Astarion feels his blood boil. He wants to rip Gale’s throat out, he wants to bash his head in and keep bashing until-

“I don’t feel that way, for the record.” Tav replies, and her face flushes with delicious blood at that.

He composes himself, at that, straightens his back. “Oh? Do tell, my dear.”

Another laugh, this one softer, kinder. “Let’s just say if I were to…want someone, they’d be strong like a panther, with…piercing red eyes and white hair.”

Astarion isn’t used to such honesty, not from his marks. He’s used to coy looks and coquettish smiles, of double entendres that eventually devolve into a teasing mess. When faced with honesty, Astarion’s first instinct is to run far, far away from where these emotions could hurt him. It scares him, this honesty. But nothing worth fighting for doesn’t scare him.

He doesn’t answer fast enough. Tav clears her throat, breaking the gaze. “Astarion, if this is too much for you, I get it.

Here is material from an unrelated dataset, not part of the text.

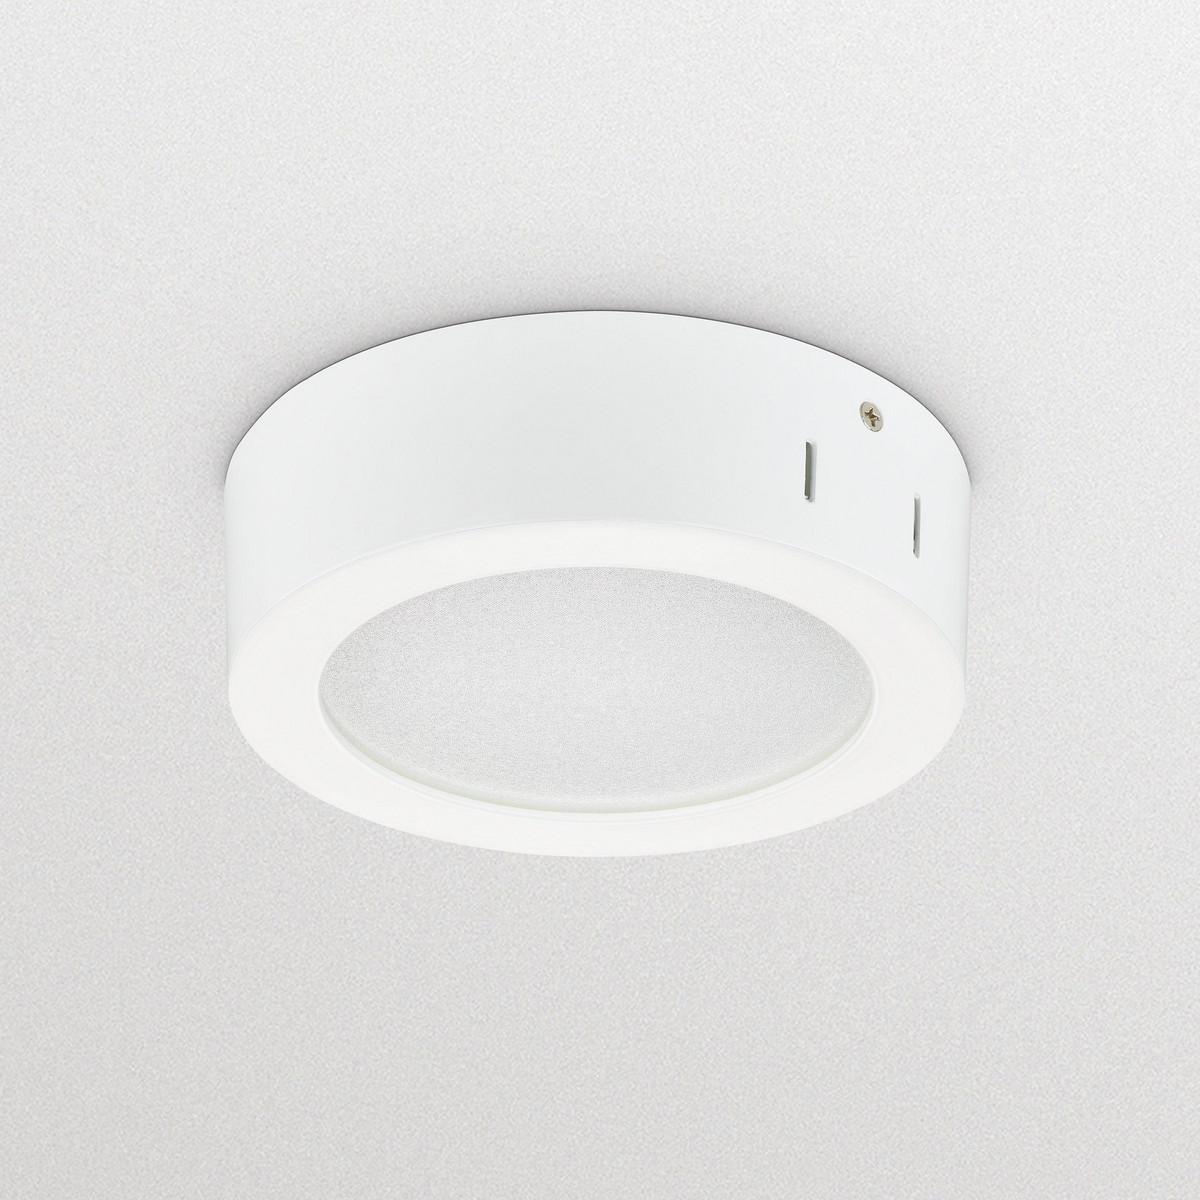 Philips CoreLine SlimDownlight Gen3 Påbyg DN145C 1100lm/840 11W Hvid
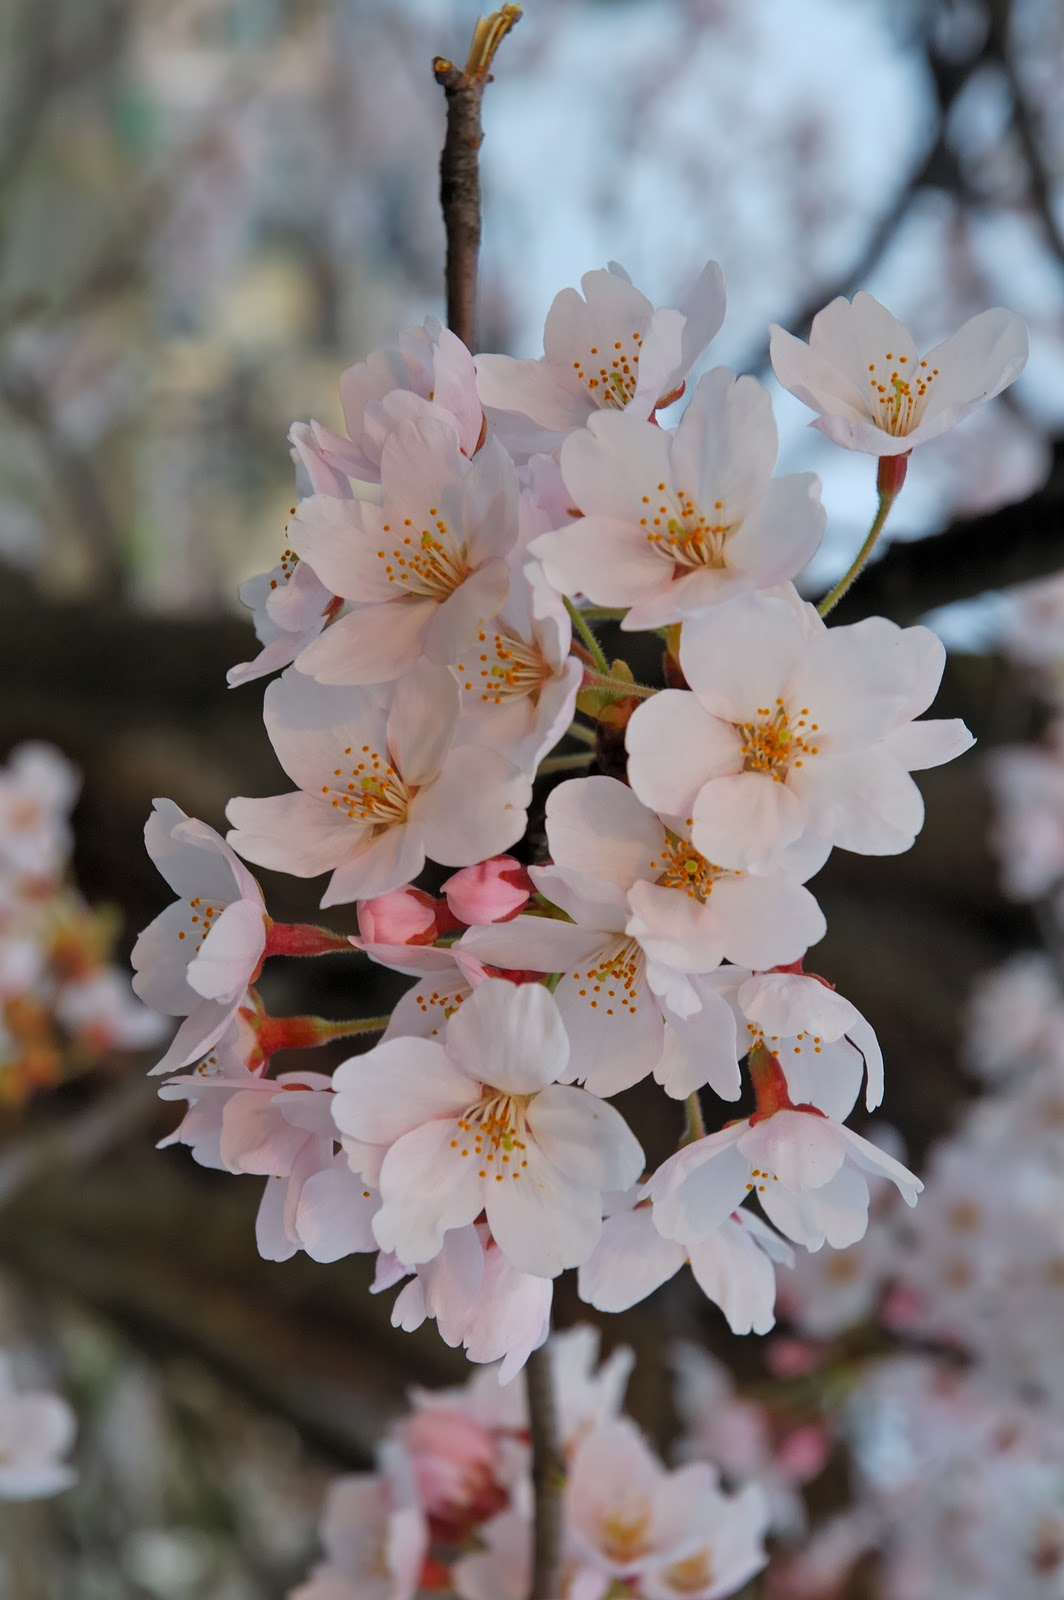 Sakura Flowers: Japanese Cherry Blossoms

We don’t have to do anything-“

“I can’t promise you anything.” Astarion says, just because he can’t bear the thought of Tav thinking he doesn’t reciprocate. “But if you want…this, I do too.”

Tav smiles, and it’s so entirely breathtaking that Astarion knows he’ll always want to coax more out of her. She takes his hands in hers and tilts his chin so they’re eye to eye.

“I’ll always want you, Astarion.”

Later, when he’s in bed, contemplating Tav and his future, he’ll reminisce. He isn’t a dog. He’s never been. He’s a person, and he always has been.